The two men shared a taste in music - specifically, Wagnerian opera.

"We went to New York and heard the Wagner "Ring Cycle" — the whole thing," Anderson recalled of a weeklong trip about a decade ago. Another time, the two men went to Seattle for a performance of "Tristan and Isolde."

Johnson's introduction to Mitchell came around 1994, when he began work on the book "Benjamin E. Mays and Margaret Mitchell: A Unique Legacy in Medicine," co-authored with William G. Pickens. The Mitchell Trusts Committee had given him permission to publish Mitchell and Mays' correspondence, but also told him to talk to Eugene Mitchell "on behalf of the family," Johnson recalled.

"I called him up and he didn't have any problem with it and he didn't want any fee," said Johnson, who told Mitchell he himself had family in Detroit. "He said, 'I'd like to talk to you the next time you come up here.' We started a friendship from there."

They ate at Steak & Ale whenever he went back to Michigan, Johnson said.
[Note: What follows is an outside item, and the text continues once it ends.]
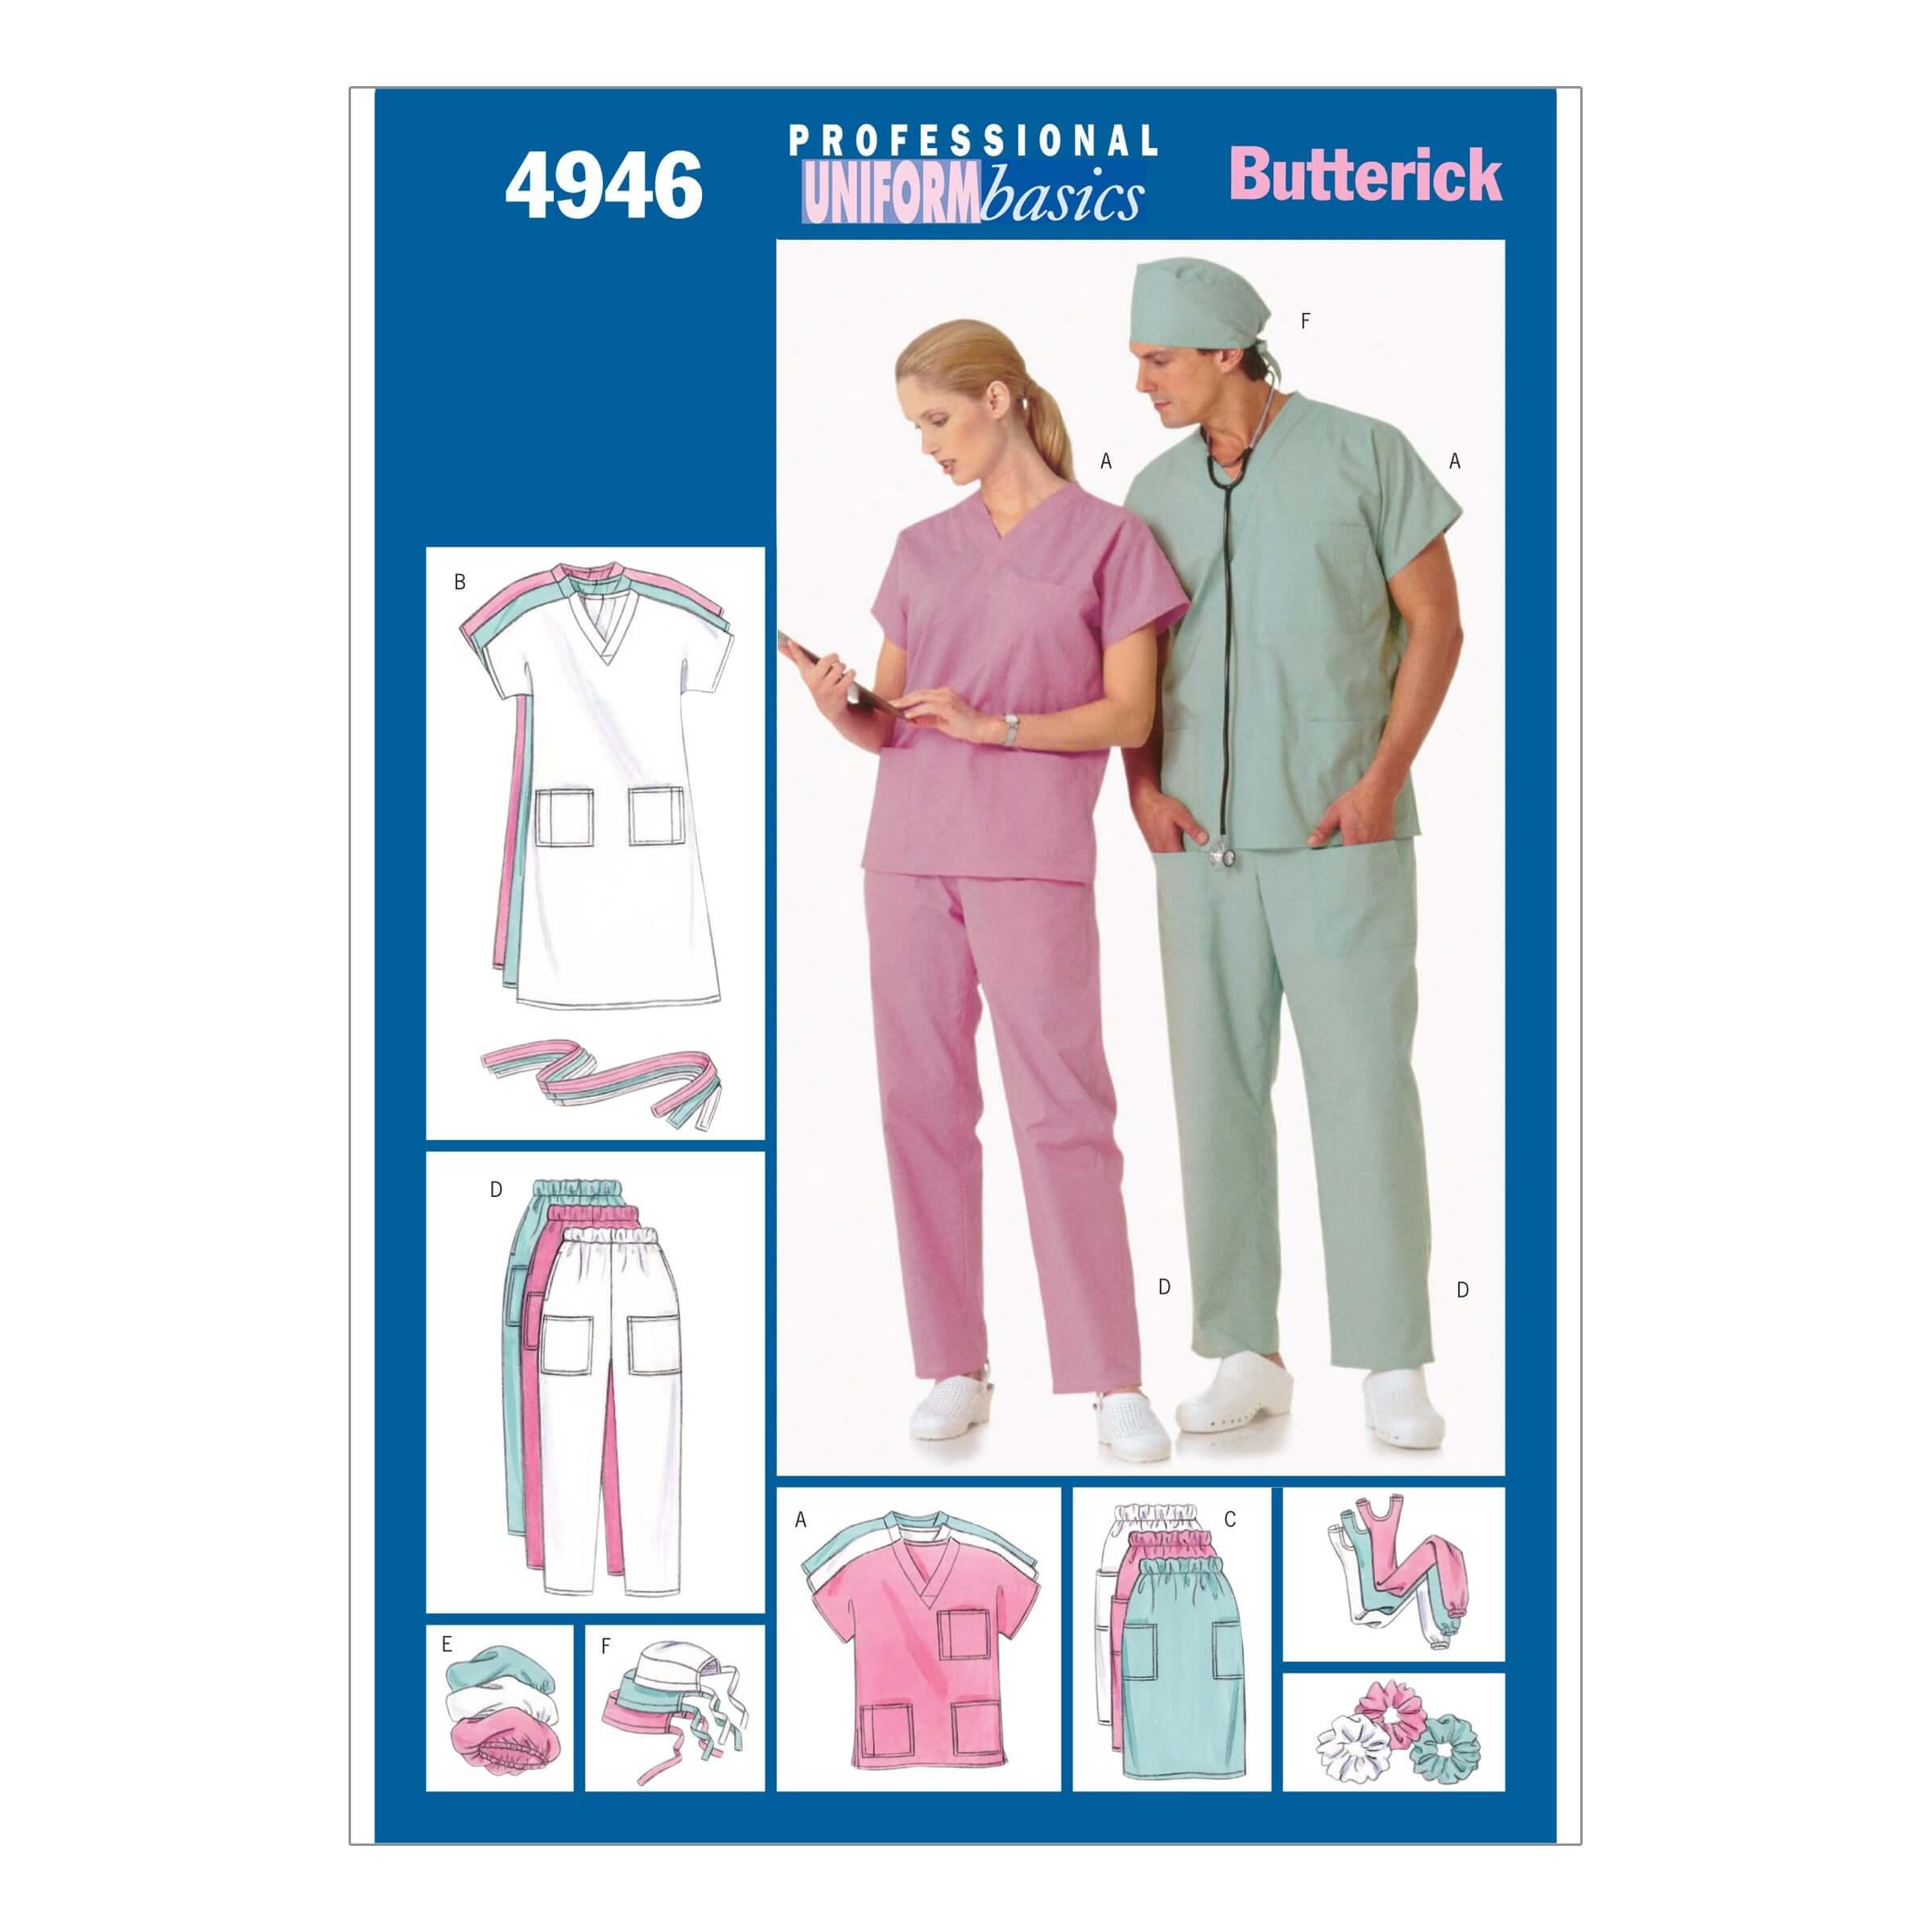 Butterick Sewing Pattern 4946 Unisex Nurse Uniforms Dress Top Skirt Trousers

Sometimes when Mitchell was in Atlanta, they "closed down" Pano's & Paul's, eating lobster bisque and talking so long, the conversations continued long into the night out in the parking lot.

On Friday, Johnson was mourning Mitchell's loss, but focusing on the legacy he'd left behind.

"Everybody in Mr. Mitchell's family was lawyers, except for him and his brother, going back five generations," Johnson said. "Six generations back, there was a minister. And to me, what Eugene Mitchell did was ministering to the people of Atlanta."